------ THE DATA ------
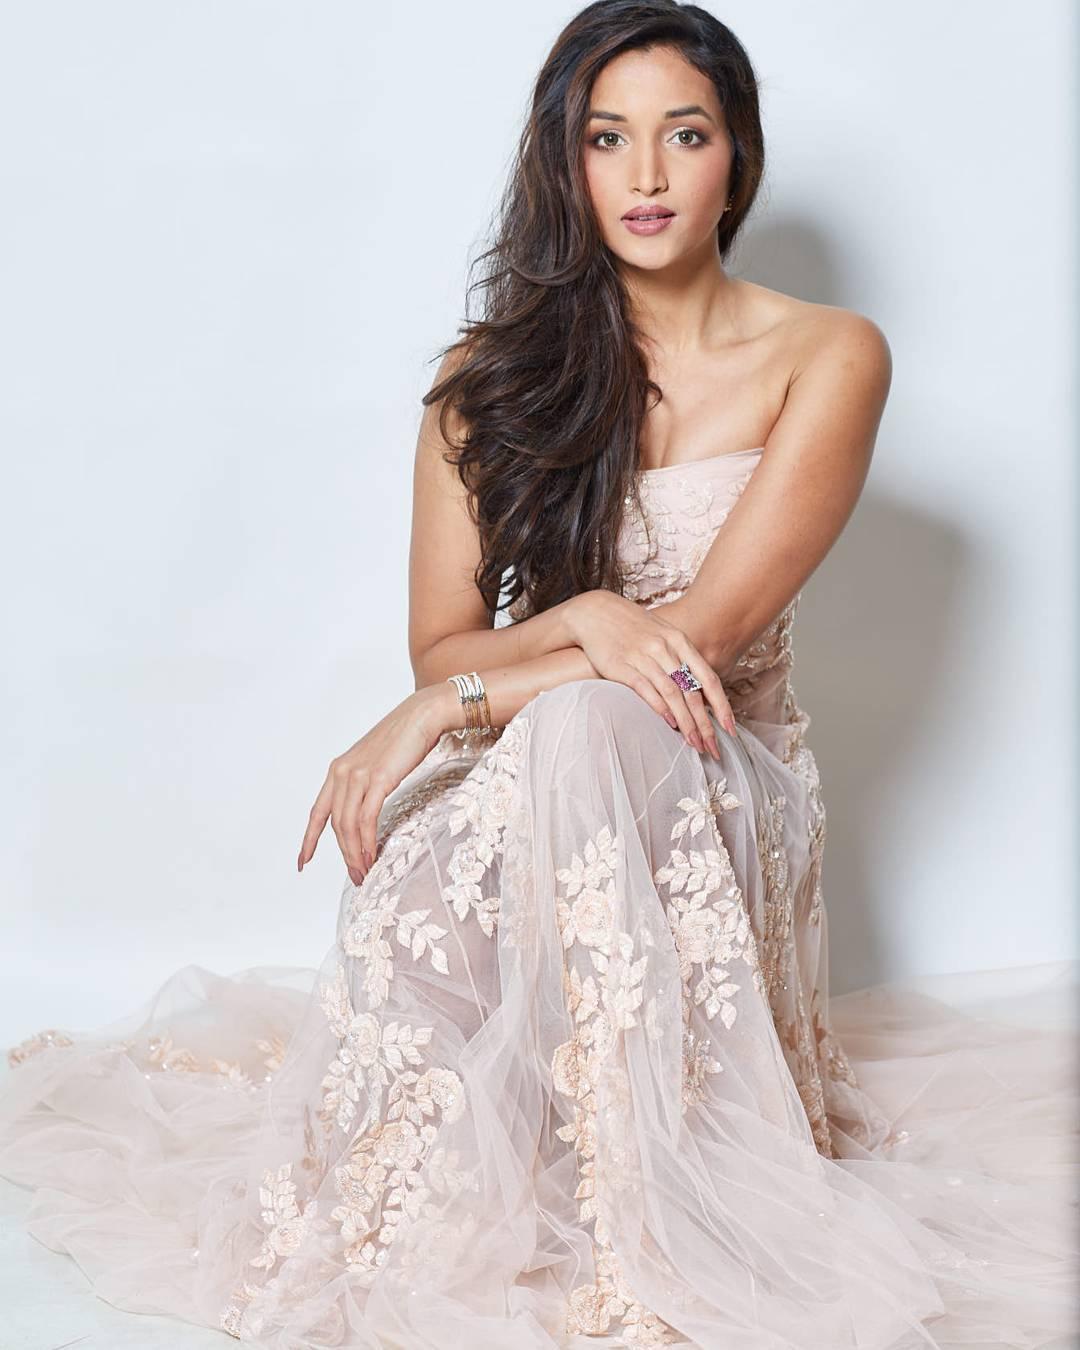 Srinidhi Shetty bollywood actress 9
------
------ THE DATA ------
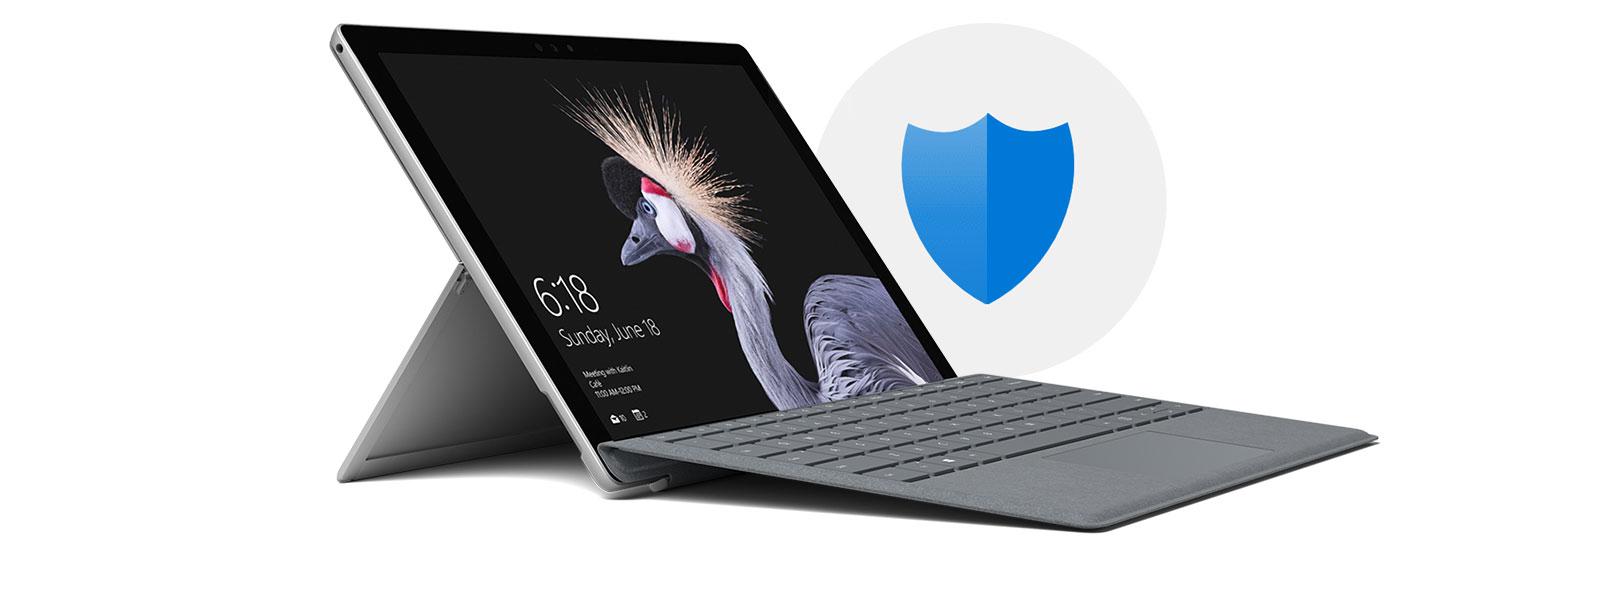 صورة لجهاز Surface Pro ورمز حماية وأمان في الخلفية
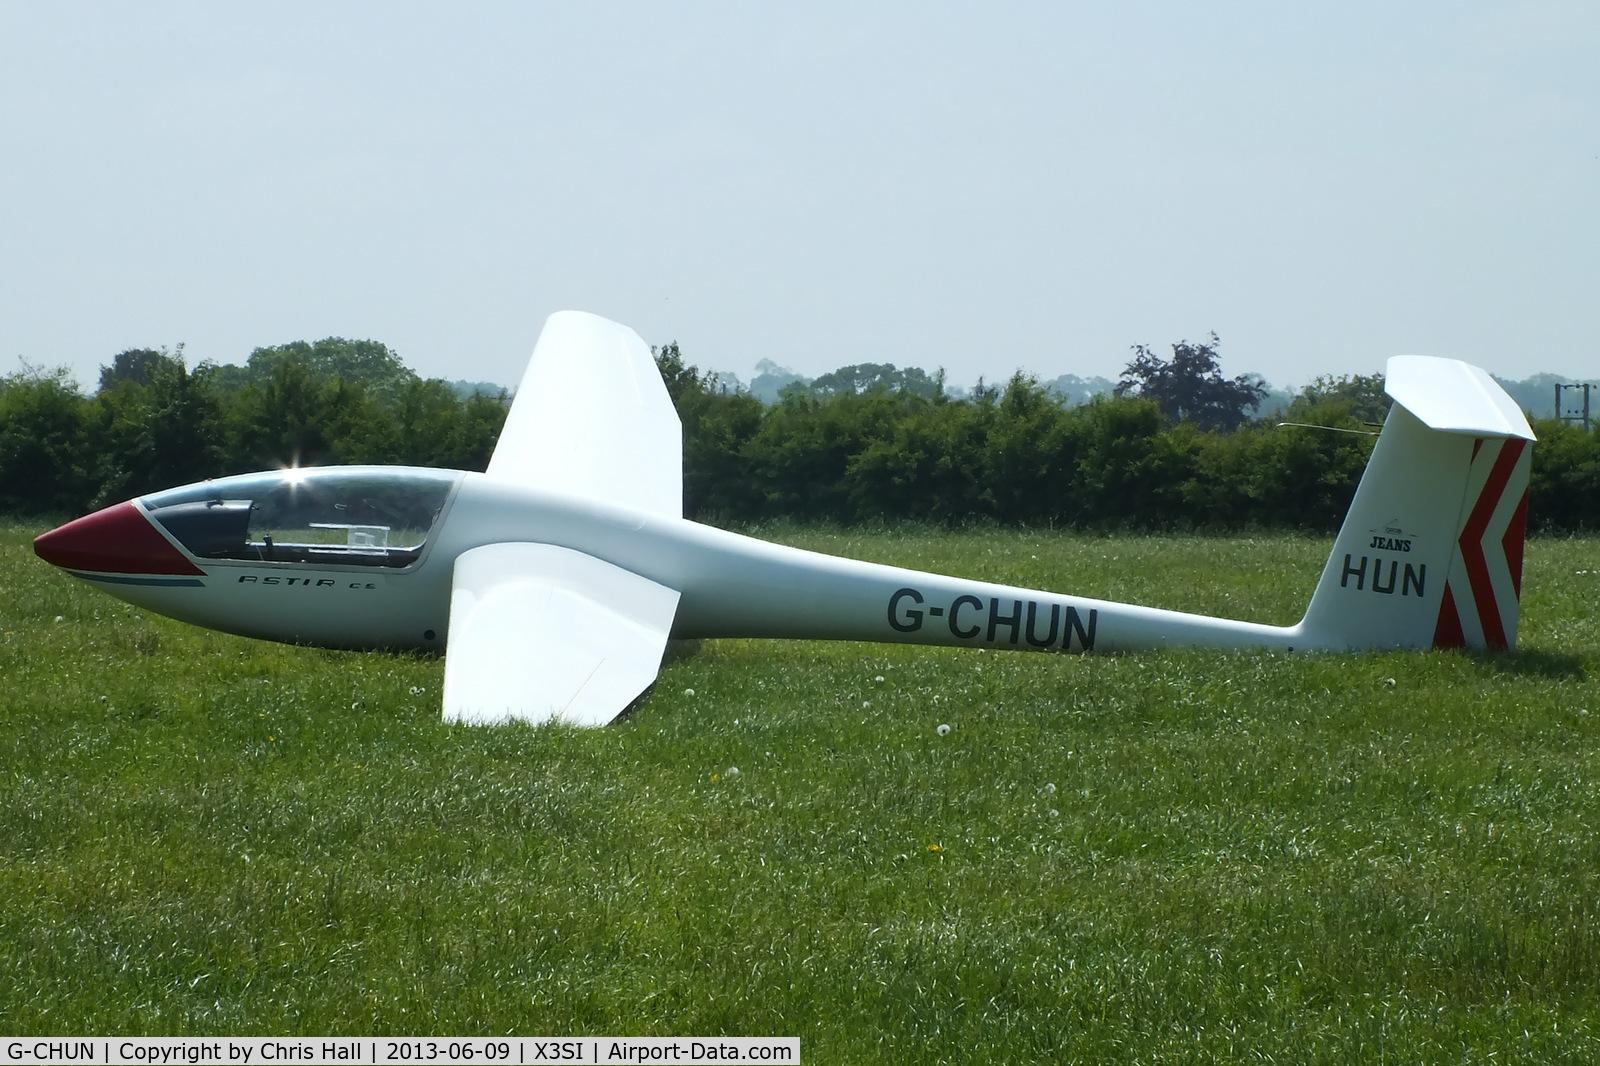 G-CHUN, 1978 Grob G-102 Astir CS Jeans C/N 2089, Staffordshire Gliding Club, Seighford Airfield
------
TASK GOAL
Everything above from the line that has "صورة لجهاز Surface" down to the line that has "G-CHUN, 1978 Grob" should be output exactly, with both of those lines included. Leave the pictures behind.

YOUR SOLUTION
 صورة لجهاز Surface Pro ورمز حماية وأمان في الخلفية
 G-CHUN, 1978 Grob G-102 Astir CS Jeans C/N 2089, Staffordshire Gliding Club, Seighford Airfield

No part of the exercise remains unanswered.